Sunday, July 16, 2006
Day 3 - 4:01 PM
Getting that extra 4 hours of sleep was a good move. The Xanax didn't leave me too fuzzy and I felt pretty clear headed for the first hour of the day. However, I took the Zoloft at about 2:30 and now I feel kind of remote. It is hard to describe. I was trying to write a description of something and I was really struggling. Normally I am really good at presenting something in words but I couldn't get anywhere. I am thinking this is a result of the meds. It is as I am not supposed to really be noticing things for at least a few weeks and it is only the forth dose I have taken.
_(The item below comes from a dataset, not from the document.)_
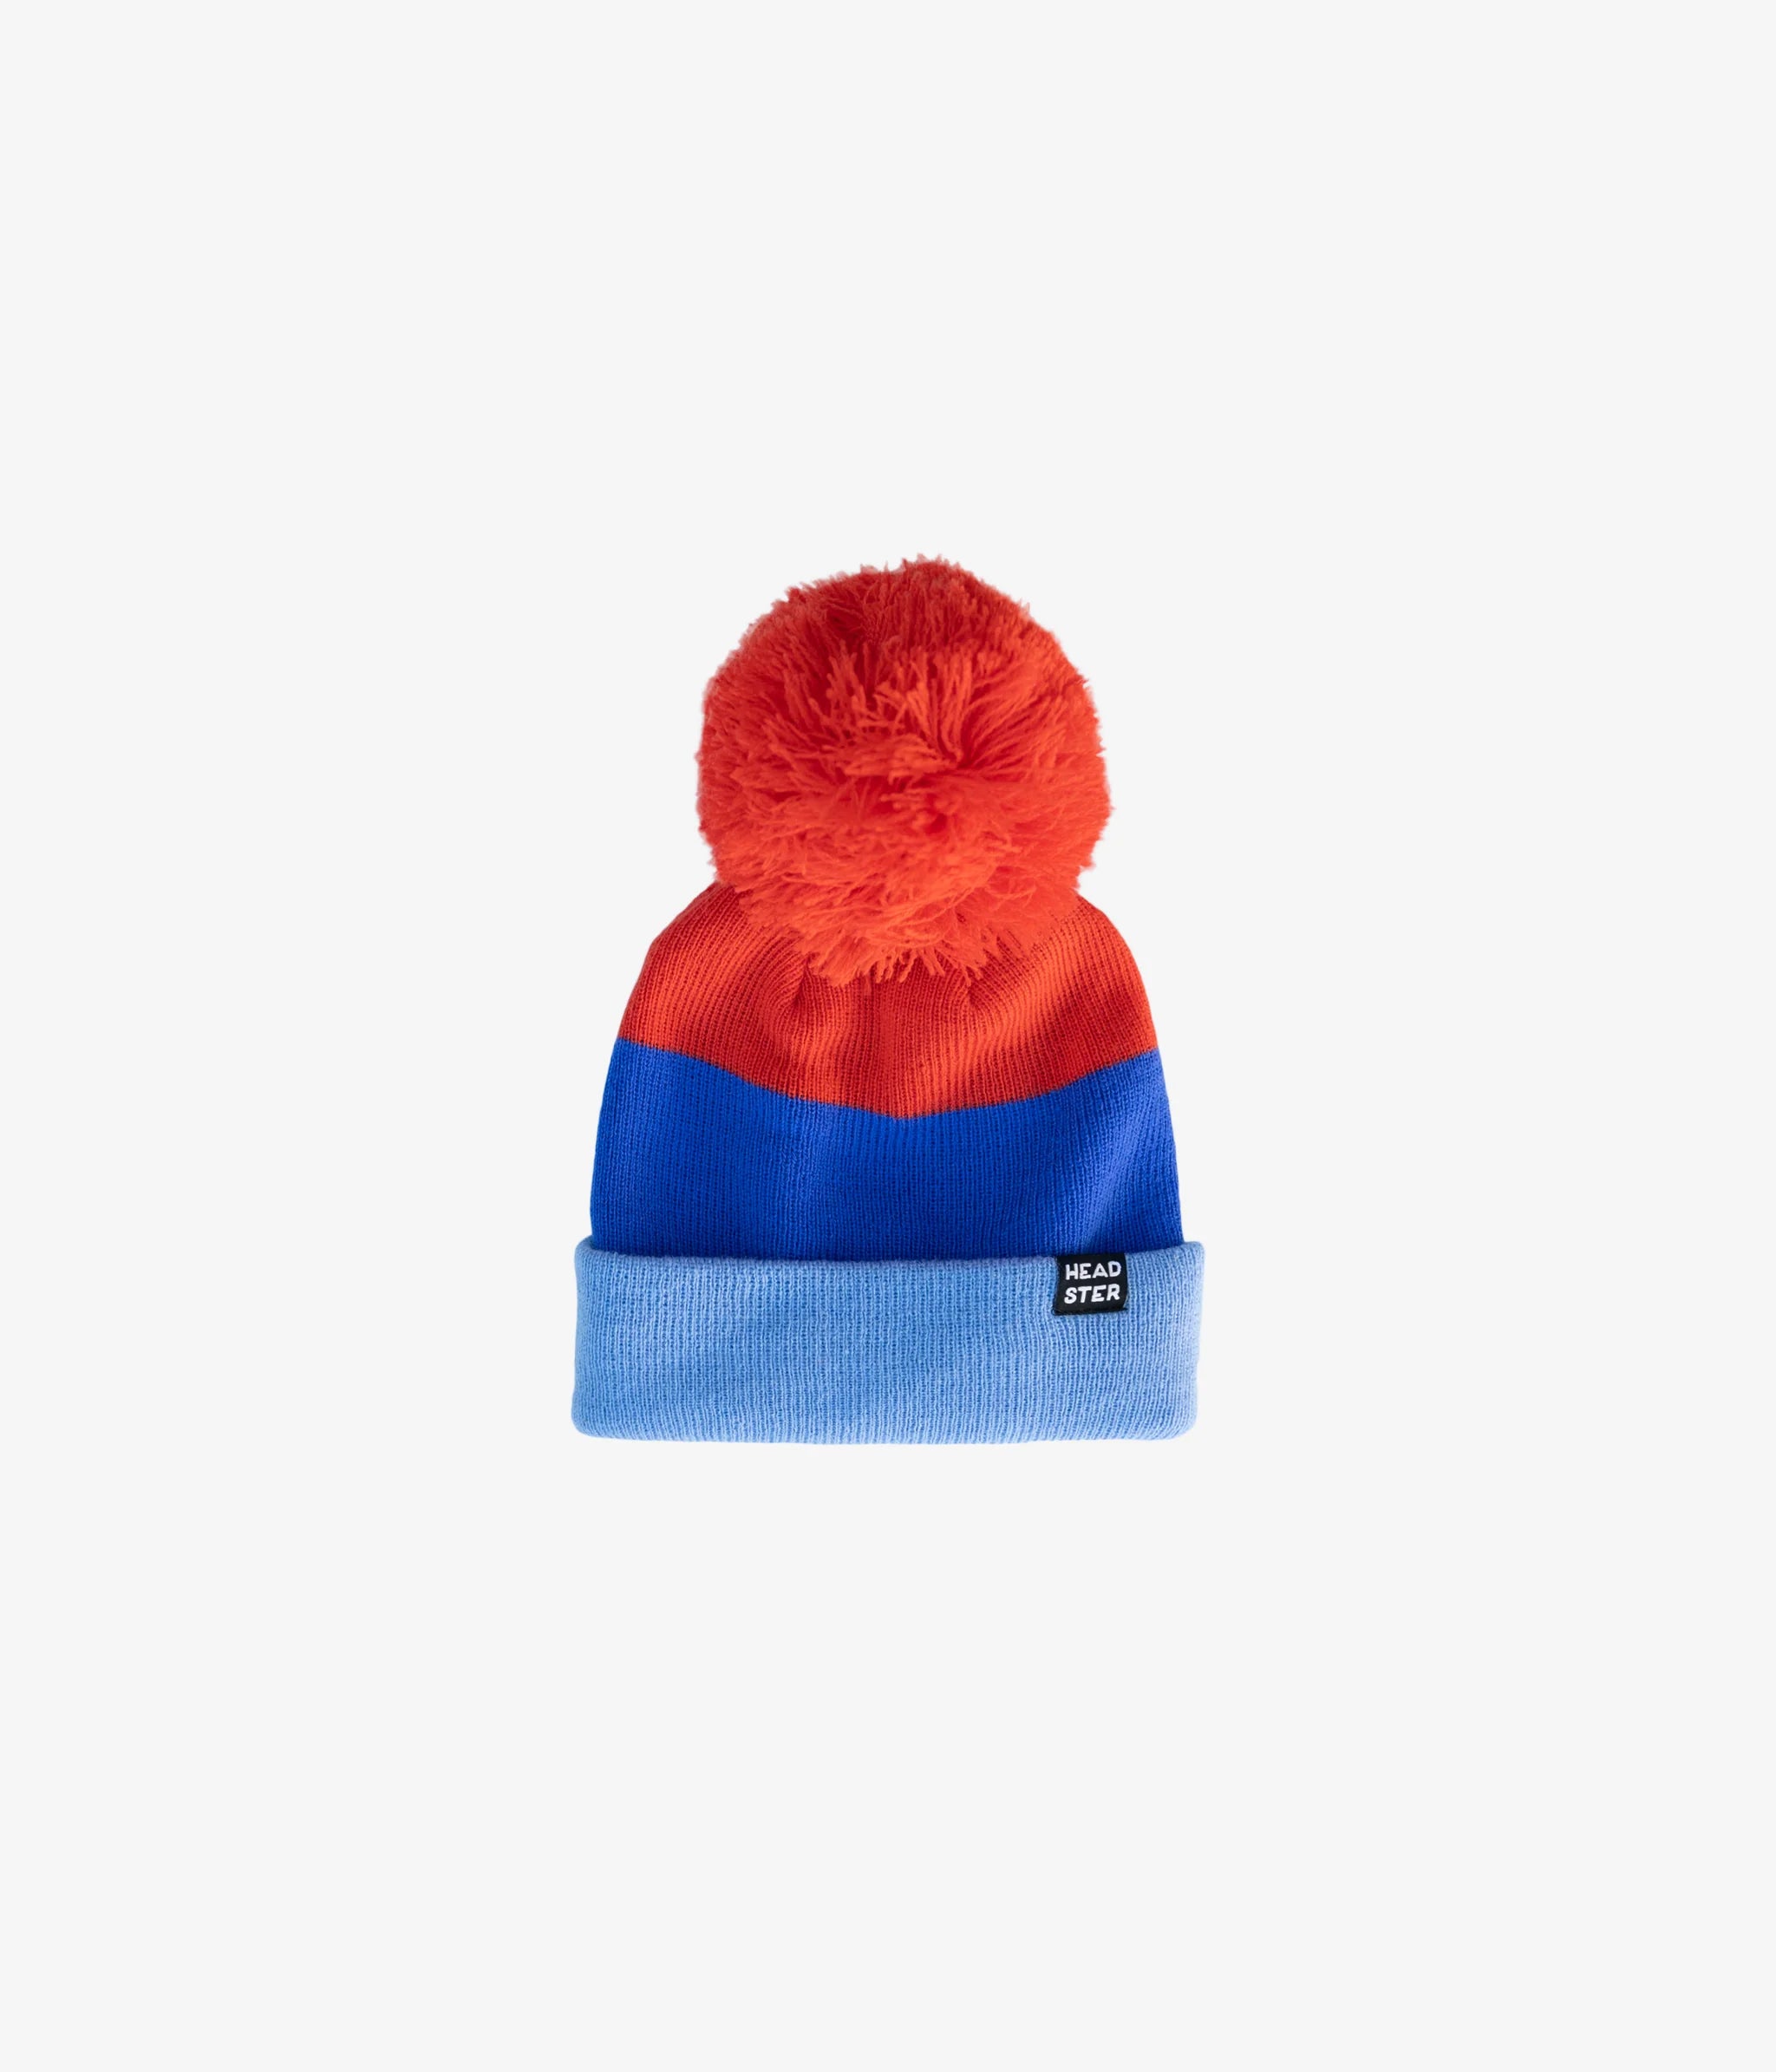 Headster - Tuque Tricolor

I am going to talk to the doctor tomorrow (Monday) and see what she thinks. I am also going to see what she thinks of Welbutrin since they claim to have less occurances of sexual side effects.
Day 3 - 8:44 AM
I was not getting to sleep, so at about 12:50 AM I took an Ambien (10 mg) and I slept without waking as far as I could tell until the sun woke me at around 8:36 AM. I feel for the first time in over a week that I have gotten a full nights sleep. I had dreams and everything. Of course, I still am really tired and wanted to sleep longer, but my mind was already whirring so that wasn't happening. I then did something I hope I don't regret - I took .5 Xanax and I am going to go see if I can get another 4 hours. I really need to try and catch up for the coming week.
Day 2 - 11:58 PM
Time for bed. I think I might be able to get sleep now without taking anything. Last night a little alcohol before the game took the edge of painful somnambulistic sleep deprivation and I actually had a great night out. However, my intentions of coming home and going to be early turned into an impromptu party at my place and staying up until about 5. It was actually good as I was able to fall asleep with no assistance. I woke up early with a bad headache from excessive exuberance and had restless down and mostly up sleep through the late morning. Today was really lazy as we farted around but it was fine. I am finding the Zoloft is having some very unwanted sexually related side effects and while C doesn't seem to mind them, I haven't felt any culminating satisfaction since I started taking the stuff. If that keeps up then I don't think I it is a viable option for me. It would be like sleeping and never dreaming.